With thanks to; Temple Bar Gallery + Studios, Padraig Cunningham, Emma Conway, Jenny Sherwin, Julie Kelleher, Gerlanda Maniglia, Dennis McNulty, Astrid Newman, Claire Walsh, Dan Reidy, Lana May Fleming, Lauren Conway, Vera Ryklova.
Kindly supported by an Arts Council of Ireland Project Award, Wicklow County Council and Mermaid Arts Centre.

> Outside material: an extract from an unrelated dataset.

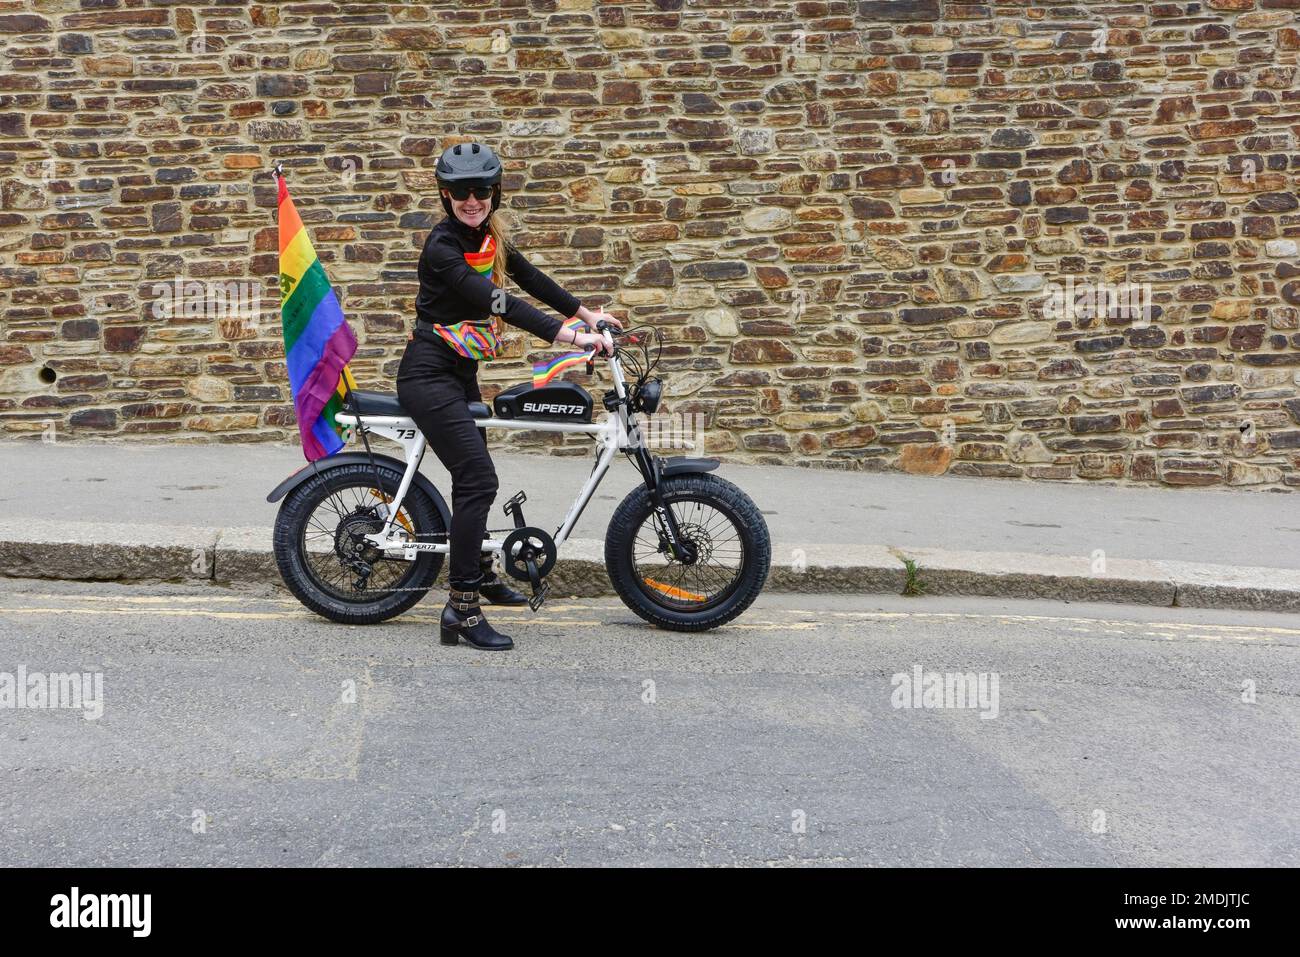 Una donna che utilizza biciclette elettriche Super 73 all'inizio della vivace e colorata Cornovaglia è orgogliosa della sfilata Pride nel centro di Newquay nel Regno Unito. Foto Stock
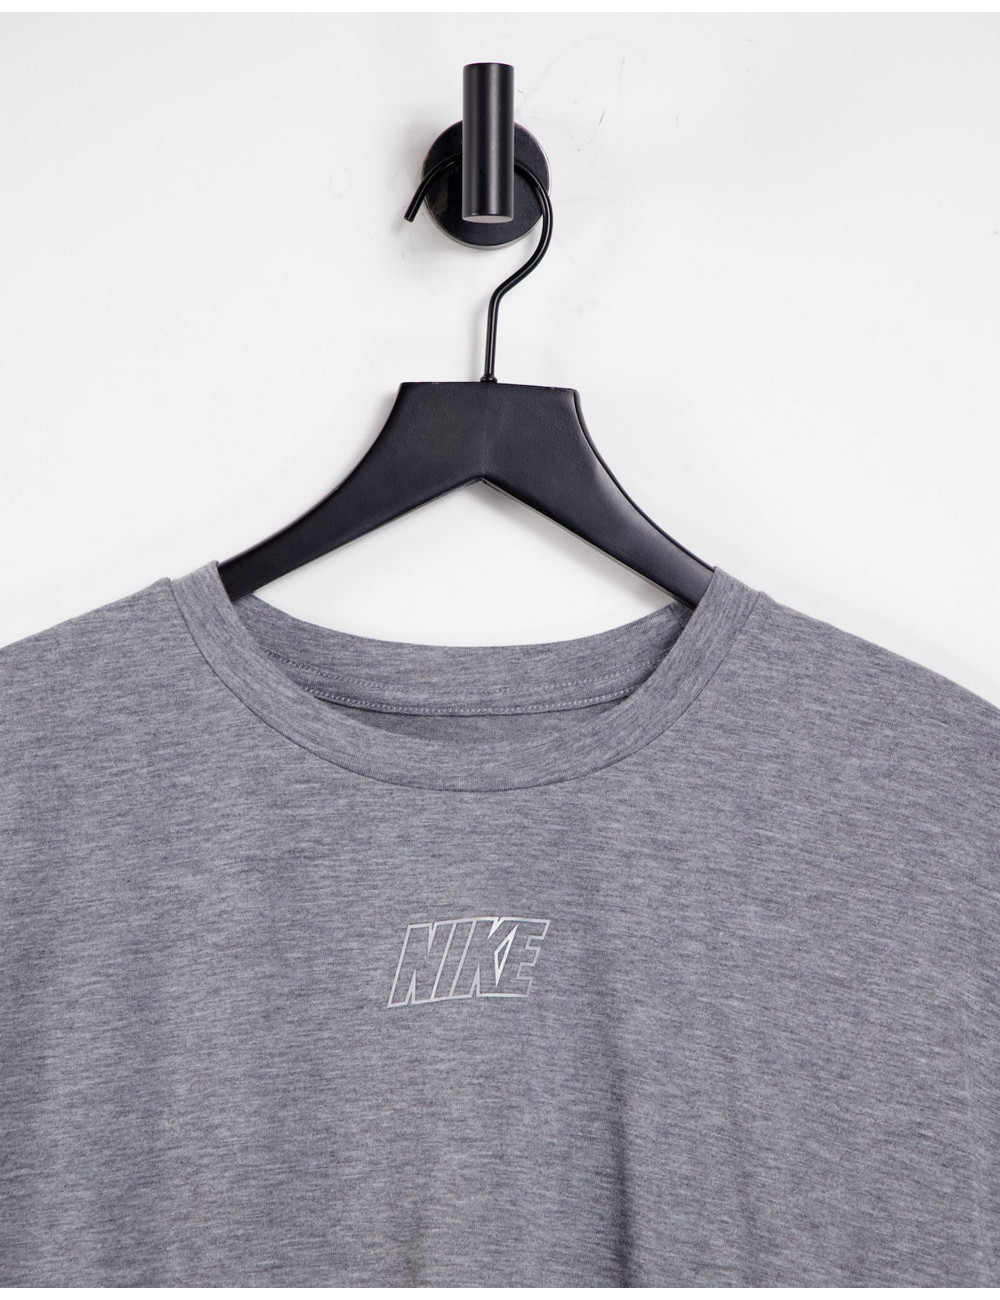 Nike Dry Bottom Tie T-Shirt...

Slipped, Fell and Smacked my Face off the Dance Floor
This live site-specific performance took place on 10th, 11th, 17th, 18th June 2022. A 20 minute performance on a loop between 1-4pm each day.
Naylor’s Cove, Bray, Co. Wicklow.
Lisa Freeman’s new scripted performance work features actors, a saxophone player and a significant location: the once-busy sea bathing pool at Naylor’s Cove, Bray.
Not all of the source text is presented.